Designed by Amale Andraos and Dan Wood for their own family, the house in the rural landscape of Rhode Island began as a refuge during the pandemic and has now become a permanent home, proposing a sustainable and collaborative living model that broadens the very concept of “family”. In the place of an obsolete building, which for years had served as an informal gathering place for cultural brainstorming sessions and socialising with friends and colleagues, the architectural duo designed a zero-emission passive building that retains the
informal and lively spirit of its origins. The compact, faceted volume, clad in local ash timber and topped by a sky-blue aluminium roof, opens up inside into a fluid sequence of spaces: varying ceiling heights, openings and vibrant textures combine to create a sense of radiant, cosy domesticity.

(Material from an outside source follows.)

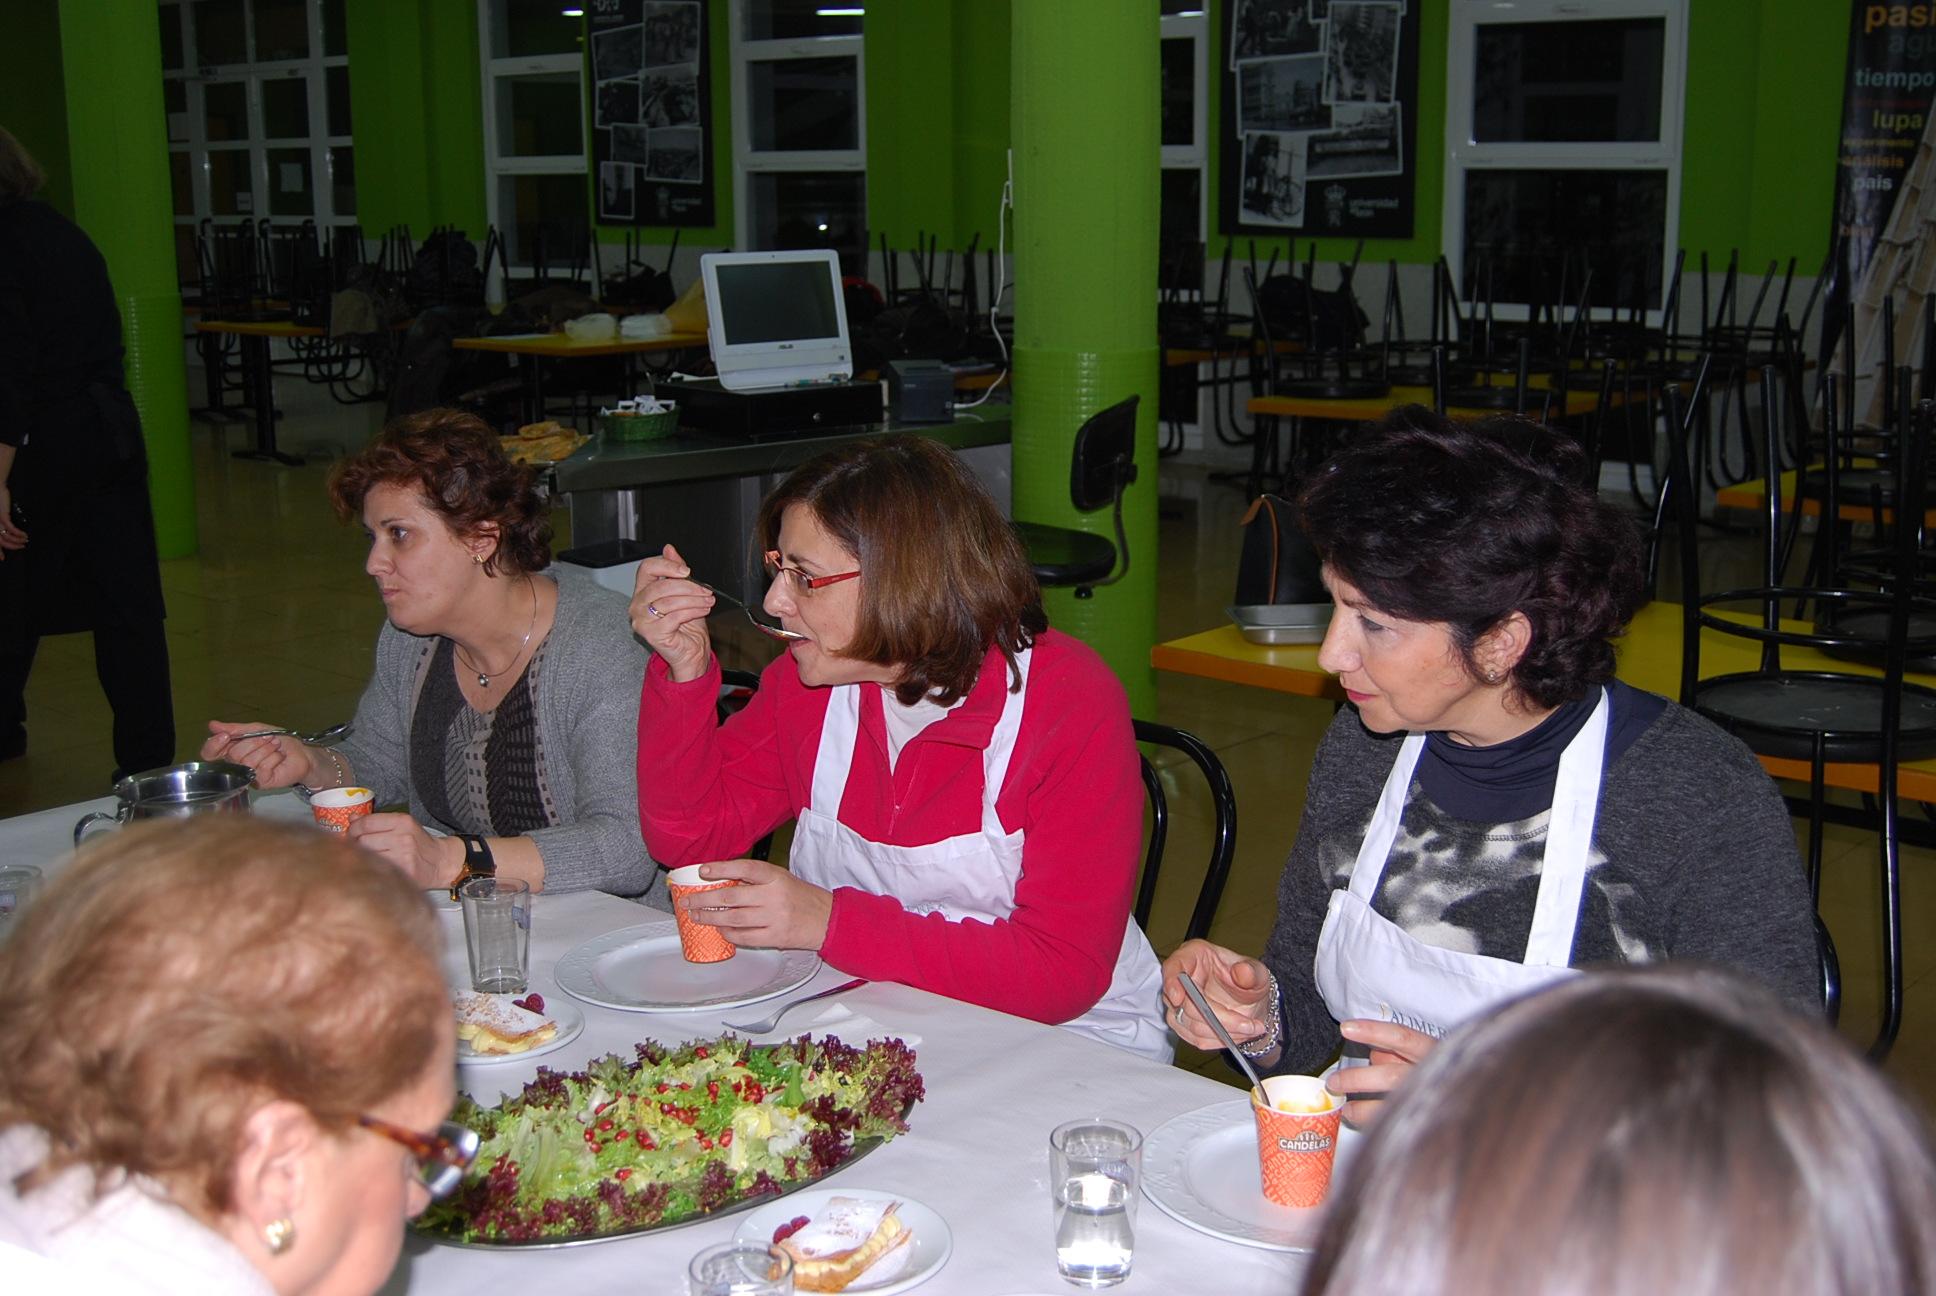 Taller cocina navide a 18 diciembre 2013 069 red - Cocina navidena espanola ...

The project extends to the process: friends and collaborators have contributed directly — sometimes camping on the site and fishing in the nearby river — to the definition of spaces and furnishings: from the living room table, to the theatrical curtains, to the
handcrafted Lebanese tiles. The result is a lived-in and “shared” home, for those who inhabit it or who “pass through” it, albeit only temporarily.